Anne sütünün, bebeği çeşitli enfeksiyonlardan koruyan biyoaktif maddeler, büyüme ve gelişmeyi etkileyen hormon ve büyüme faktörleri, immün sistemini düzenleyen faktörler ve antienflamatuar maddeler içerdiğine işaret eden Çelen, şunları kaydetti:
"Gebelik döneminde Kovid-19'a yakalanan hastalarımız da çok sayıda oldu. Bunlardan biri kliniğimizde doğumu gerçekleştirdi ve bugün taburcu edildi. Bebeği de gayet sağlıklı. Gebeler ile diğer Kovid-19 hastalarını takip açısından hiçbir fark yok. Bu hastaların tamamı, gebe olmayan Kovid-19'a yakalananlar gibi teste, kan tetkiklerine tabi tutuluyor. Sadece gebelerde tomografi ve akciğer filmini mümkün mertebe çekmiyoruz. Bunun dışında hastaların takibi çok farklı değil."

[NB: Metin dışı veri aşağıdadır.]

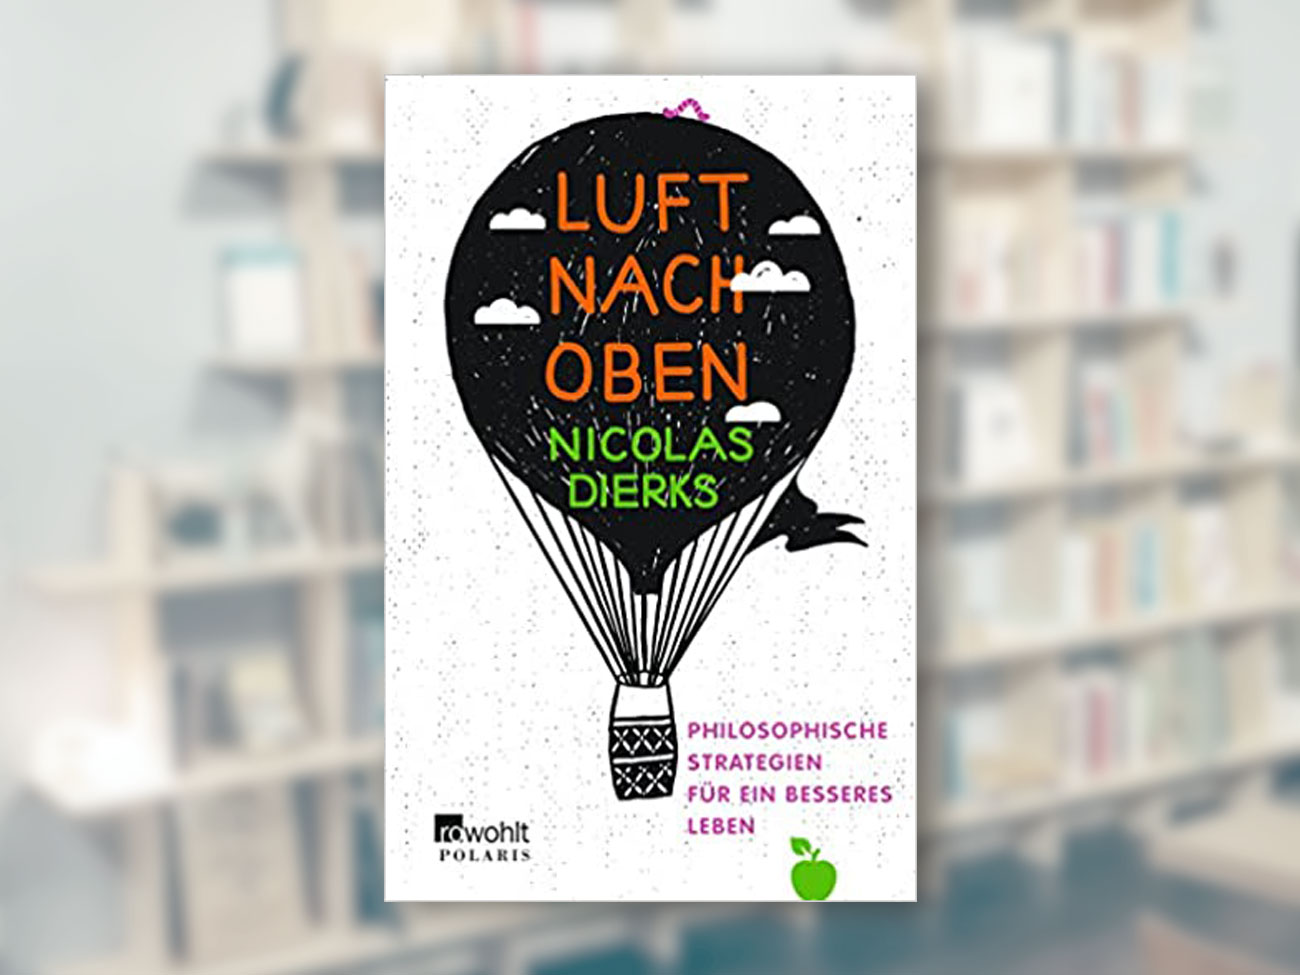 Nicolas Dierks, Luft nach oben

Çelen, koronavirüsün emzirme yoluyla bulaştığının bilimsel olarak kanıtlanmadığına dikkati çekerek, anne sütünün önemi nedeniyle bebeğe mutlaka verilmesi gerektiğini belirtti.

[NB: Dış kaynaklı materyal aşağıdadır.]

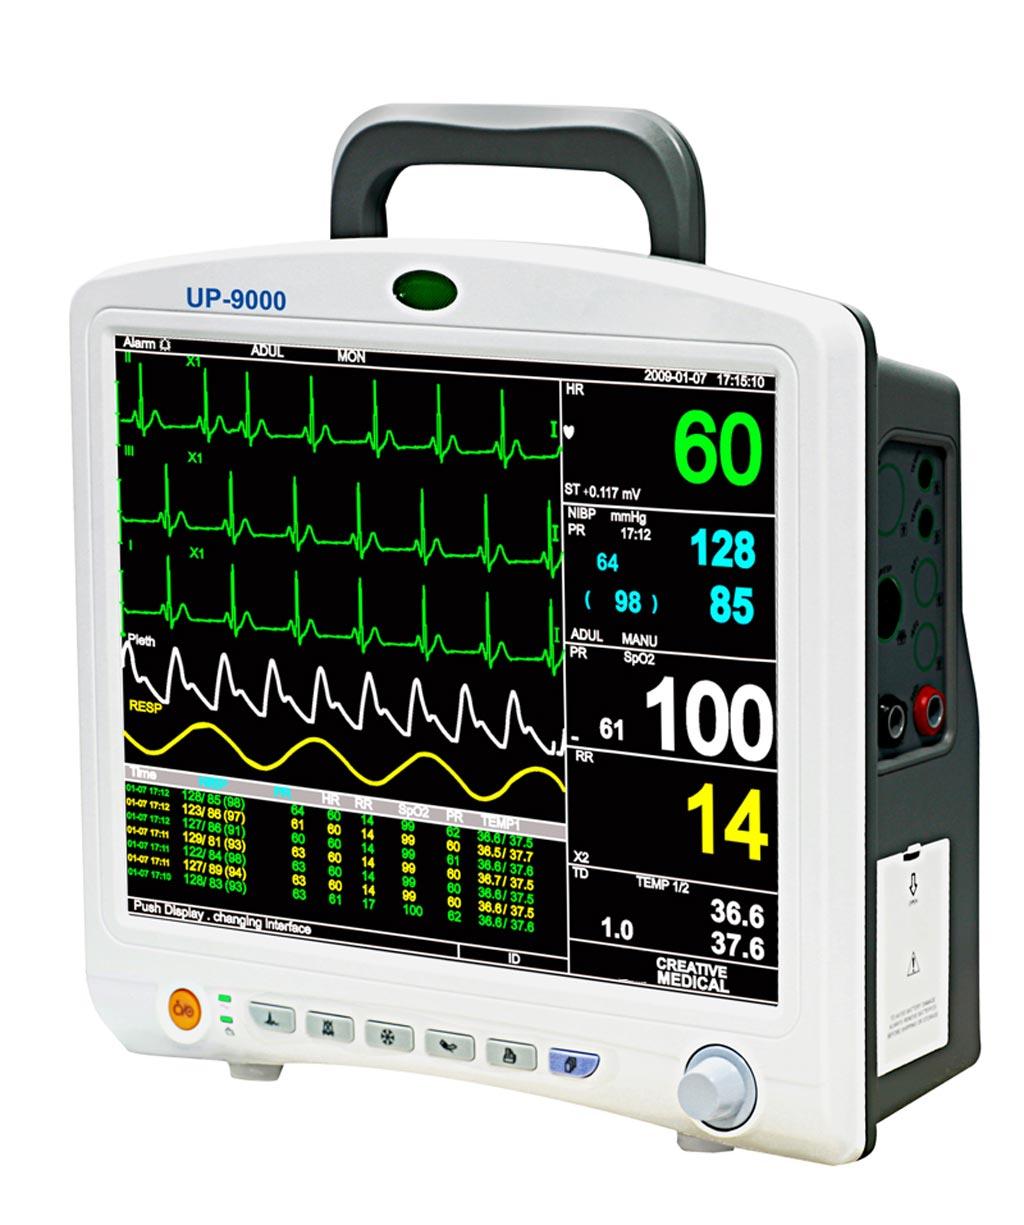 Ожидается, что к концу 2028 года мировой рынок многопараметрического мониторинга пациентов достигнет 6 миллиардов долларов США (фото любезно предоставлено CMI Health).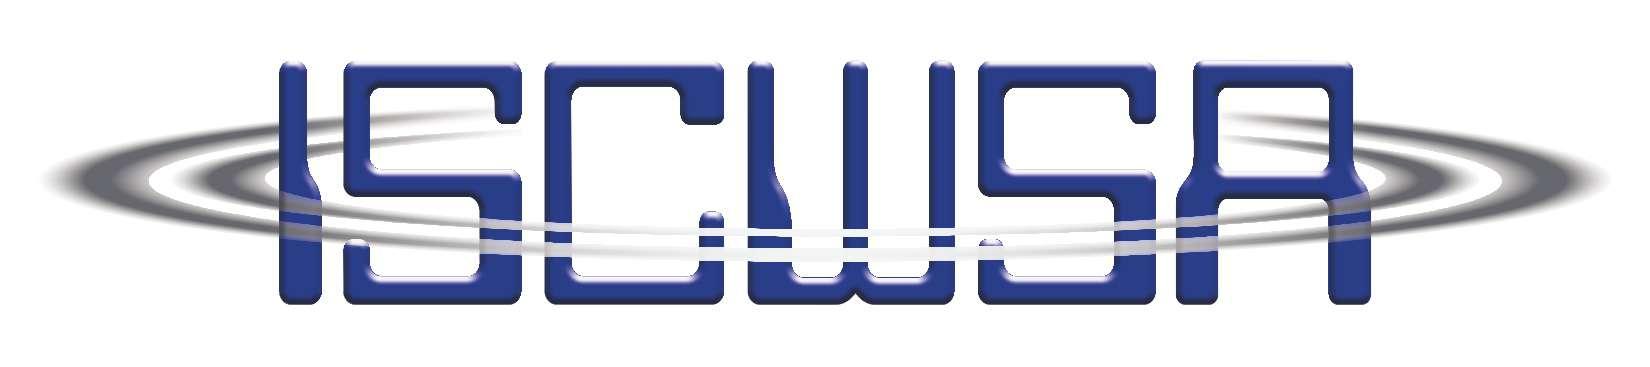 iscwsa

- "Zatürre, grip aşısı Kovid-19'a karşı koruyuculuk sağlamamakta"
Mevsimsel değişiklerden dolayı risk altında bulunan insanların zatürre ve grip aşısına yoğun talep gösterdiğini belirten Çelen, şöyle konuştu:
"Ülkemizde şu an zatürre aşıları neredeyse tükendi. Grip aşıları da henüz gelmeden herkes soruyor. Bu kadar duyarlı olmamız son derece güzel fakat gözden kaçırdığımız bir şey var. Zatürre, grip aşısı Kovid-19'a karşı koruyuculuk sağlamamakta. Sanki zatürre ve grip aşısı kişinin Kovid-19'a yakalanmasını engelliyormuş gibi toplumda bir algı var. Öyle bir durum söz konusu değil. Risk gruplarına zaten zatürre aşısı önermekteyiz. Grip aşısını da herkese yıllardır önermekteyiz. Her yıl grip döneminin başladığı ekim ayından itibaren hastalarımıza aşıyı zaten önermekteyiz. Bu yıl da önceki yıllardan farklı bir durum söz konusu değil."